During the Troubles, British troops would spike or blow up border roads. Smuggling became a profitable side-business. Business owners along the border today will tell you with no hesitation, that smuggling and its related crime would see a revival following Brexit. Farmers who needed to get on with their day-to-day work, created unauthorised roads with their tractors, in order to facilitate access to their fields and cattle in the cross-border region, avoiding long detours – up to 15 miles in some cases – or facing lengthy delays at checkpoints. Every farmer or trader has a story to tell about the ‘border-bustlers’ – the men and women from every corner of Ireland who joined the struggle to keep the border crossings open with bulldozers during the Troubles. The prospect of a controlled land border “would bring out those bulldozers” once again.
“They should leave it alone.”
The occupation of Ireland that sparked off the Troubles is still very much part of Irish collective memory and the fear of its resurgence following a tangible hard border is of real concern to the population and all political parties involved, including the EU.
Visiting the island, experiencing the reality of the terrain, makes one realise very quickly that not only does the geography of the country and its road infrastructure, but also its violent history, its fragile economy and national identity hijack the very idea of a physical controlled land border.

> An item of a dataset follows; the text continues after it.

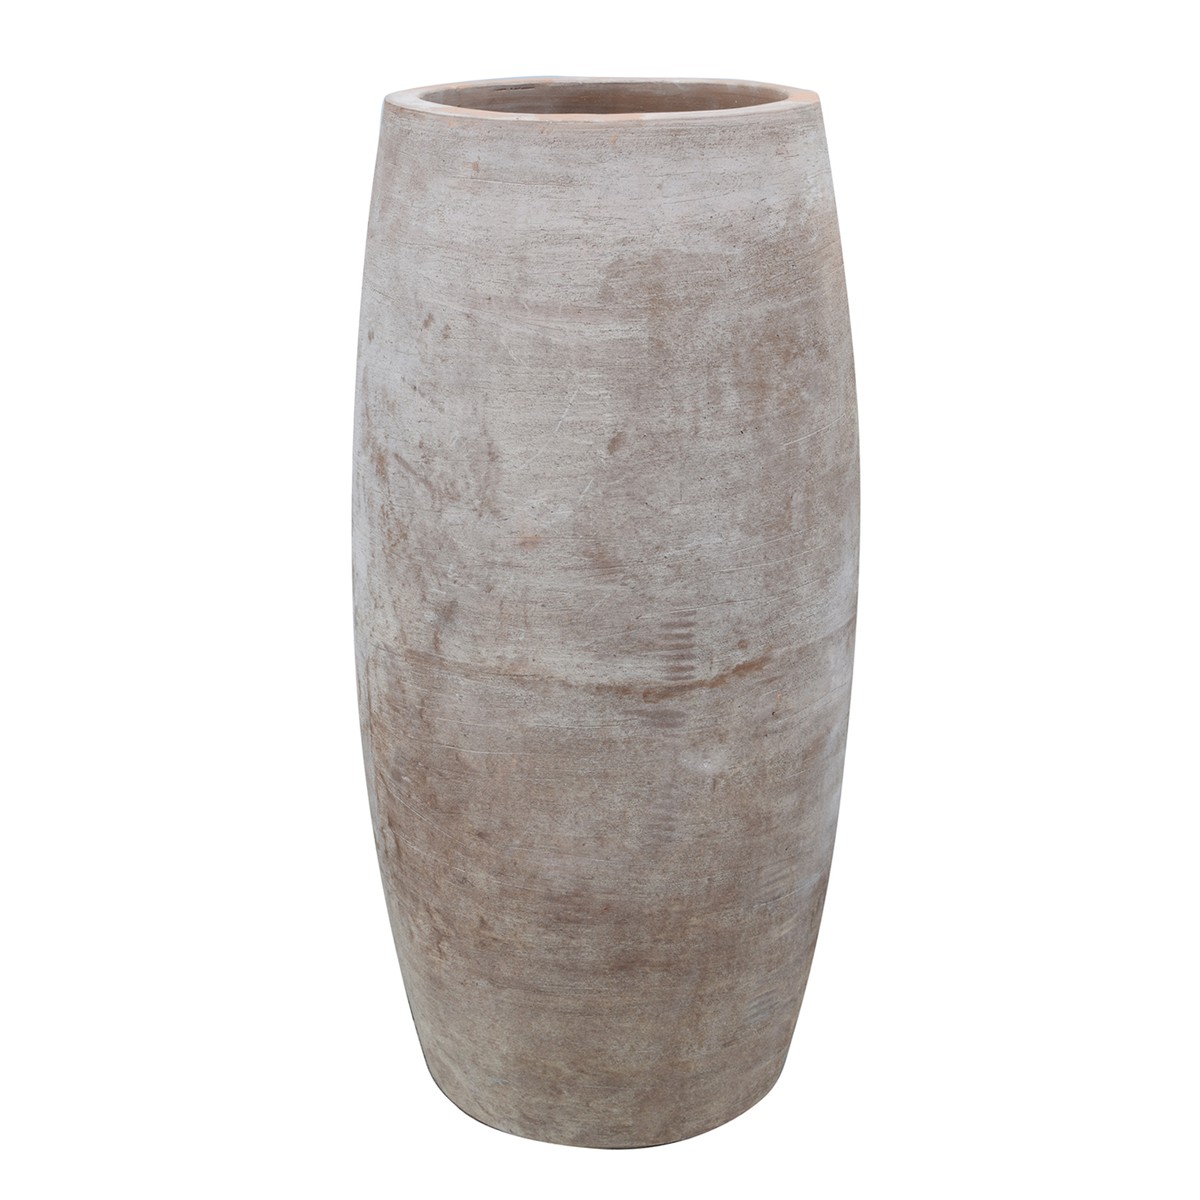   Vase Haut Crafted Brun terre de Sienne brulée 38x80cm

The Brexit negotiations gravitated around these very notions, putting the Good Friday Agreement at the very centre of a political conundrum that needs yet to reach its conclusion.
In extremis, one could argue that politics could compromise over prosperity, the location of a customs border, or even the way the EU single market could be protected. Matters directly related to the Good Friday Agreement, national identity and past trauma, realistically, can only be taken into account either fully or rejected entirely as no give and take would ever be sufficient to assure the status quo on something that is both intangible and invaluable.
It will be finally up to future generations to judge whether the UK was on the wrong side of history or whether it heralded to the end of the EU, the United Kingdom and Northern Ireland, as we know it.